Les Ouïghours hors de Chine sont traumatisés. Maintenant ils commencent à en parler

Alors que des êtres chers disparaissent dans leur pays d'origine, les membres de la communauté d'autres pays se sentent impuissants et effrayés. La télésanté et les médias sociaux aident.





les ouïghours se tournent vers la télésanté illo

Jialun Deng

16 juin 2021

Mustafa Aksu avait de mauvais antécédents avec les thérapeutes.
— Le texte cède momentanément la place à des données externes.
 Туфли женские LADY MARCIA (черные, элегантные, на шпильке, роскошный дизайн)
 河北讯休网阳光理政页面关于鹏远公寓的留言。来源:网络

Ayant grandi en Chine, il a été victime d'intimidation par ses camarades de classe chinois Han parce qu'il était ouïghour. Cela le rendait constamment anxieux et son estomac lui faisait souvent mal, à tel point qu'il vomissait parfois. Un enseignant inquiet l'a référé à des conseils, mais Aksu était sceptique que cela puisse l'aider. J'attendais toujours le moment où je pourrais sortir et vivre dans un endroit où je me sentirais à l'aise, dit Aksu.

En 2017, lorsque la nouvelle a commencé à émerger d'une répression gouvernementale en Chine visant les Ouïghours et d'autres groupes ethniques minoritaires, Aksu était étudiant diplômé en études d'Asie centrale à l'Université de l'Indiana, à Bloomington. Dans la province du Xinjiang, dans le nord-ouest de la Chine, où vivent la plupart des Ouïghours, des personnes disparaissaient. La police a ciblé les Ouïghours pour une liste sans cesse croissante d'infractions : se laisser pousser la barbe, organiser une fête de mariage, avoir des contacts avec des personnes à l'étranger, y compris des membres de sa propre famille.



Les nouvelles empiraient chaque mois. Par centaines de milliers, le Parti communiste a forcé les Ouïghours dans de vastes centres de détention, qu'il a surnommés des centres de formation professionnelle, bien qu'ils ressemblent davantage à des camps de concentration. À l'intérieur, les Ouïghours étaient soumis à toutes sortes de torture et abus ; bientôt, le nombre de personnes internées dépasse le million.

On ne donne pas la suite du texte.